Raghav Kishore is a historian of Modern South Asia and his research has primarily focused on the transformation of urban governance under colonial rule in the nineteenth and twentieth centuries. Raghav is currently revising his doctoral thesis into a book provisionally titled ‘(Un)Governing the City: The Making of Colonial Delhi, 1858-1911’. The book examines the production of urban space and its relation to colonial governance in Delhi in the aftermath of the Great Rebellion of 1857 until the transfer of the colonial capital to the city in 1911. It suggests that it was in this period that new modes of governance came to reshape the city – spatially, politically and culturally. Demonstrating how conflicting agendas of urban policy could stifle specific state initiatives, Raghav argues that such misadventures or failures should be seen as productive– on the one hand by providing a language of new legal codes for the population with which to assail the state and on the other, by enlarging the latter’s bureaucracy and regulatory capabilities. Articles based on this research have previously appeared in journals such as Urban History and The Indian Economic and Social History Review.
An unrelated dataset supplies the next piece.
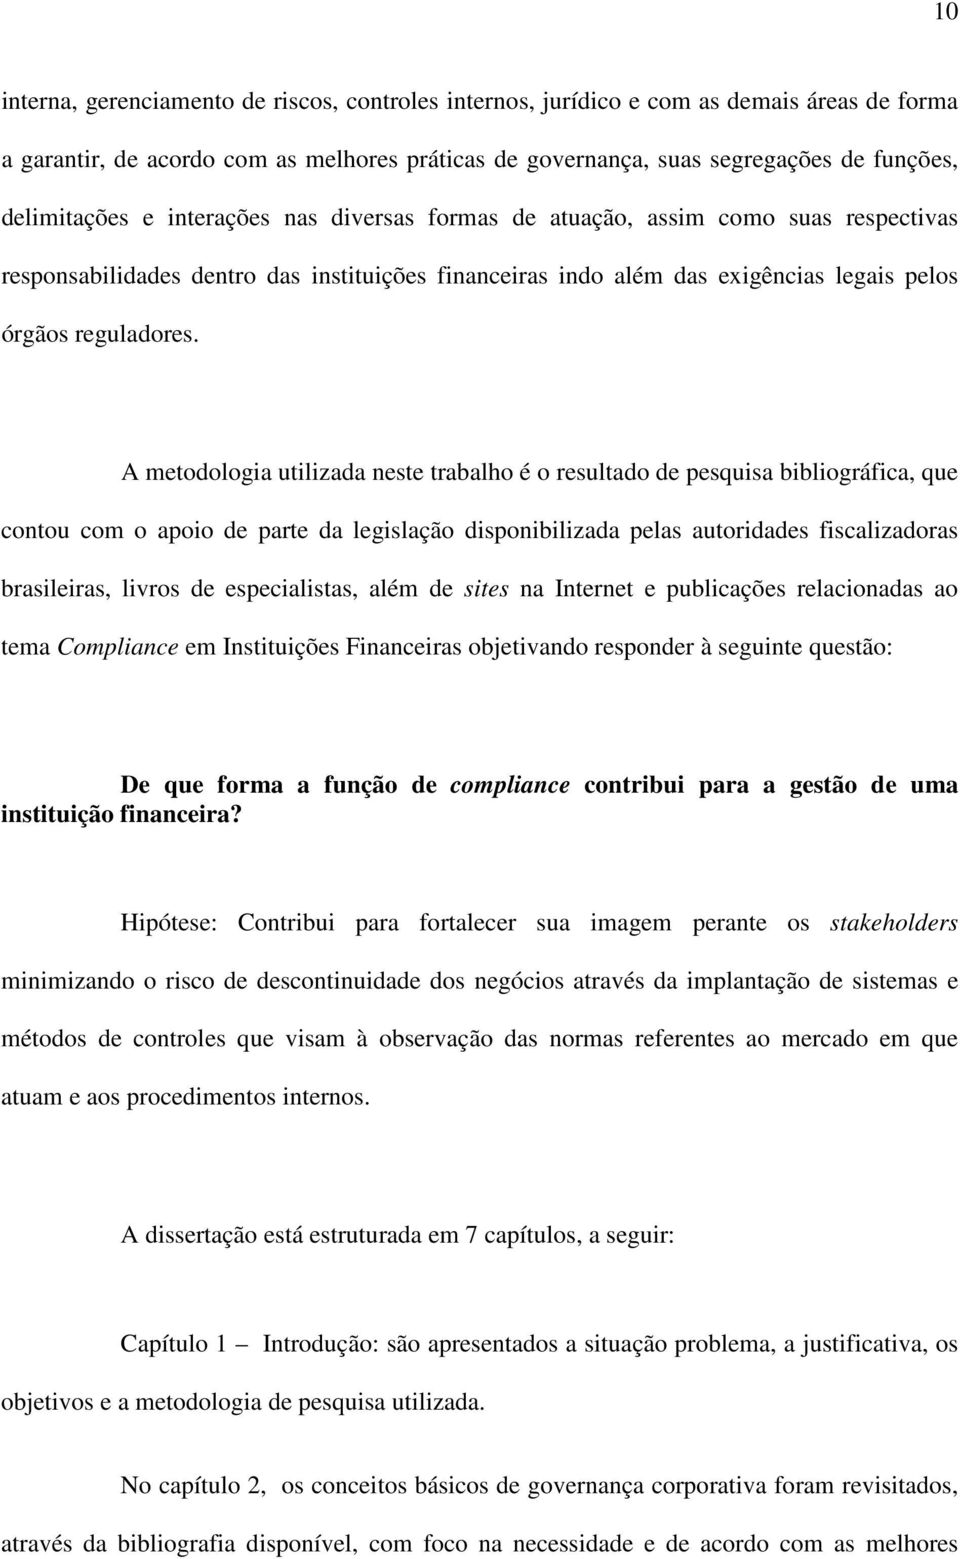 A metodologia utilizada neste trabalho é o resultado de pesquisa bibliográfica, que contou com o apoio de parte da legislação disponibilizada pelas autoridades fiscalizadoras brasileiras, livros de

Raghav is also developing a new project, which builds on his postdoctoral research at the University of York between 2016-17, working on Professor Sanjoy Bhattacharya's Wellcome Trust funded project on the historical and contemporary workings of Primary Health Care in South Asia. Raghav is investigating how newly decolonised countries like India shaped the formation of the UN’s premier health agencies such as the World Health Organisation (WHO) and the Food and Agriculture Organisation (FAO) between 1946-67. This project brings together his interests in the histories of state formation, health, internationalism and the legacies of empire.
Before joining the LSE, Raghav taught courses on South Asian and International History at King’s College London, The School of Oriental and African Studies (SOAS) and The University of Huddersfield. He obtained his PhD from The School of Oriental and African Studies in 2013.